The offset that you assign determines the pixel offset of the display area
relative to the start of the background scene, as if the screen was a camera
looking at the scene. In other words, as a BG X offset value increases, you can
think of it as the camera moving to the right, or as that background moving to
the left. Like when mario walks toward the goal. Similarly, when a BG Y offset
increases the camera is moving down, or the background is moving up, like when
mario falls down from a high platform.

Depending on how much the background is scrolled and the size of the background,
it will loop.

## Mosaic

As a special effect, you can apply mosaic to backgrounds and objects. It's just
a single flag for each background, so all backgrounds will use the same mosaic
settings when they have it enabled. What it actually does is split the normal
image into "blocks" and then each block gets the color of the top left pixel of
that block. This is the effect you see when link hits an electric foe with his
sword and the whole screen "buzzes" at you.

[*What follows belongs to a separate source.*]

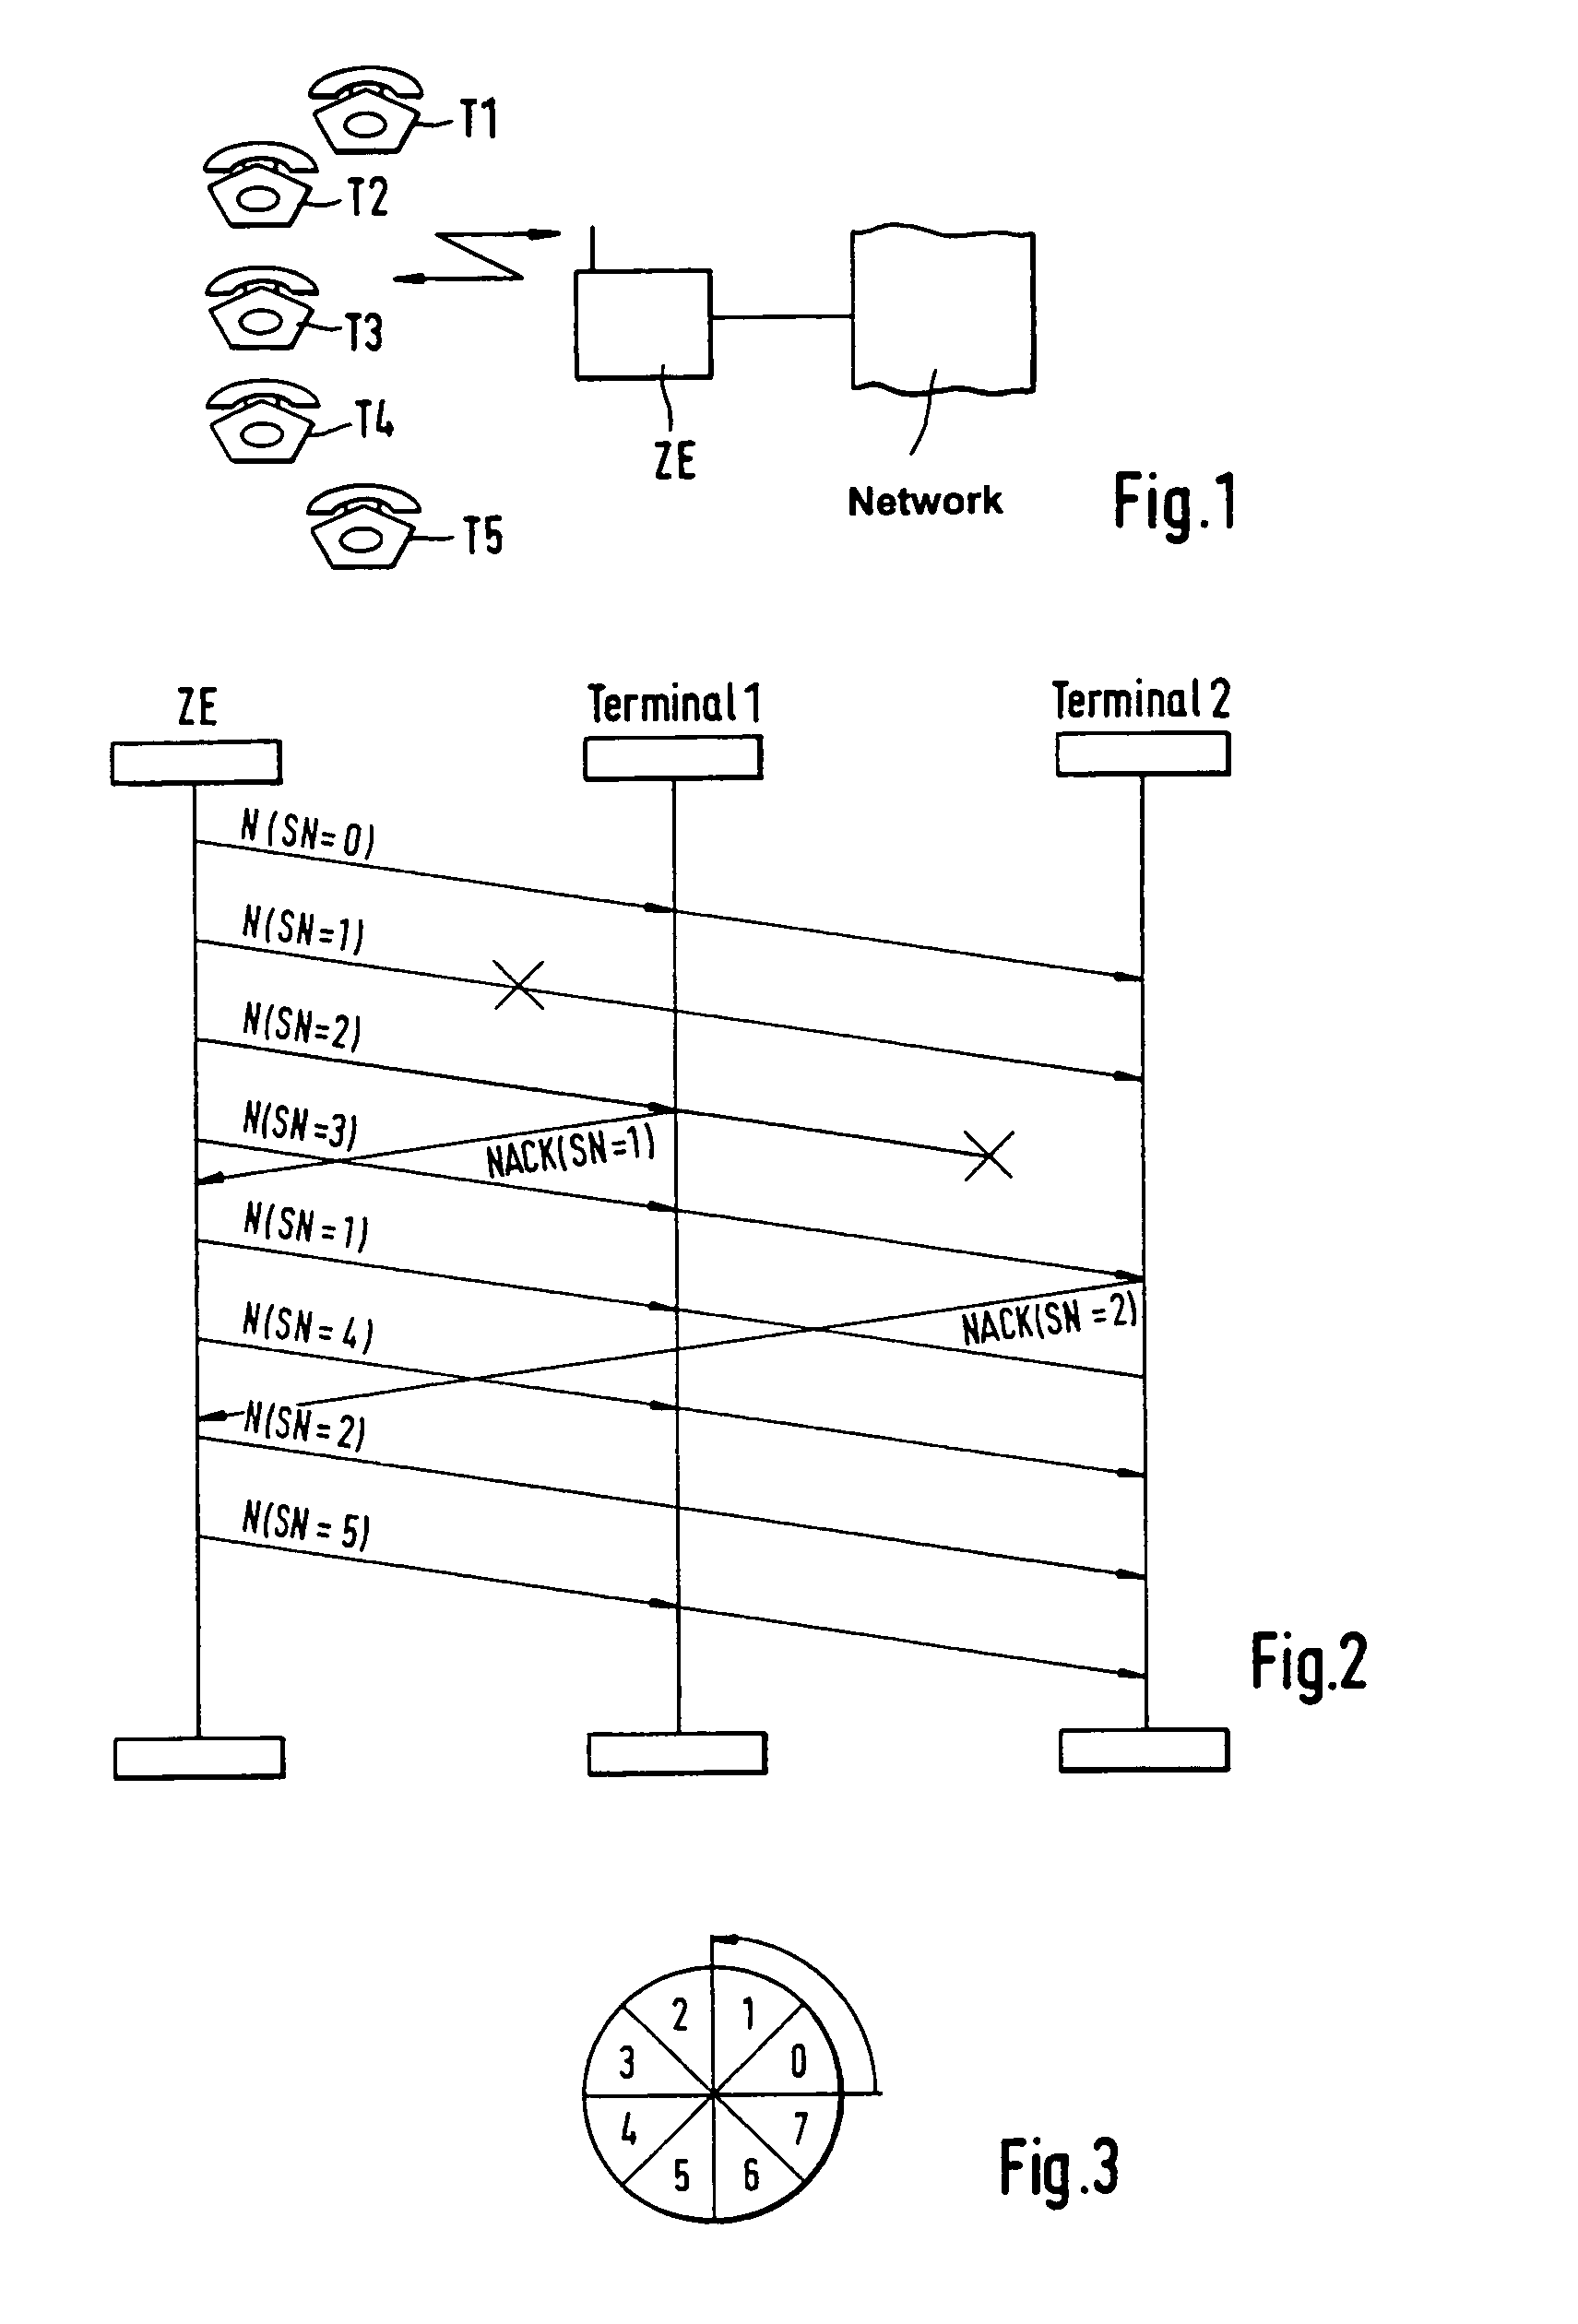 Method of repeat transmission of messages in a centrally controlled communication network

The mosaic control is a _write only_ `u16` IO register at `0x400_004C`.

There's 4 bits each for:

* Horizontal BG stretch
* Vertical BG stretch
* Horizontal object stretch
* Vertical object stretch

The inputs should be 1 _less_ than the desired block size. So if you set a
stretch value of 5 then pixels 0-5 would be part of the first block (6 pixels),
then 6-11 is the next block (another 6 pixels) and so on.

If you need to make a pixel other than the top left part of each block the one
that determines the mosaic color you can carefully offset the background or
image by a tiny bit, but of course that makes every mosaic block change its
target pixel. You can't change the target pixel on a block by block basis.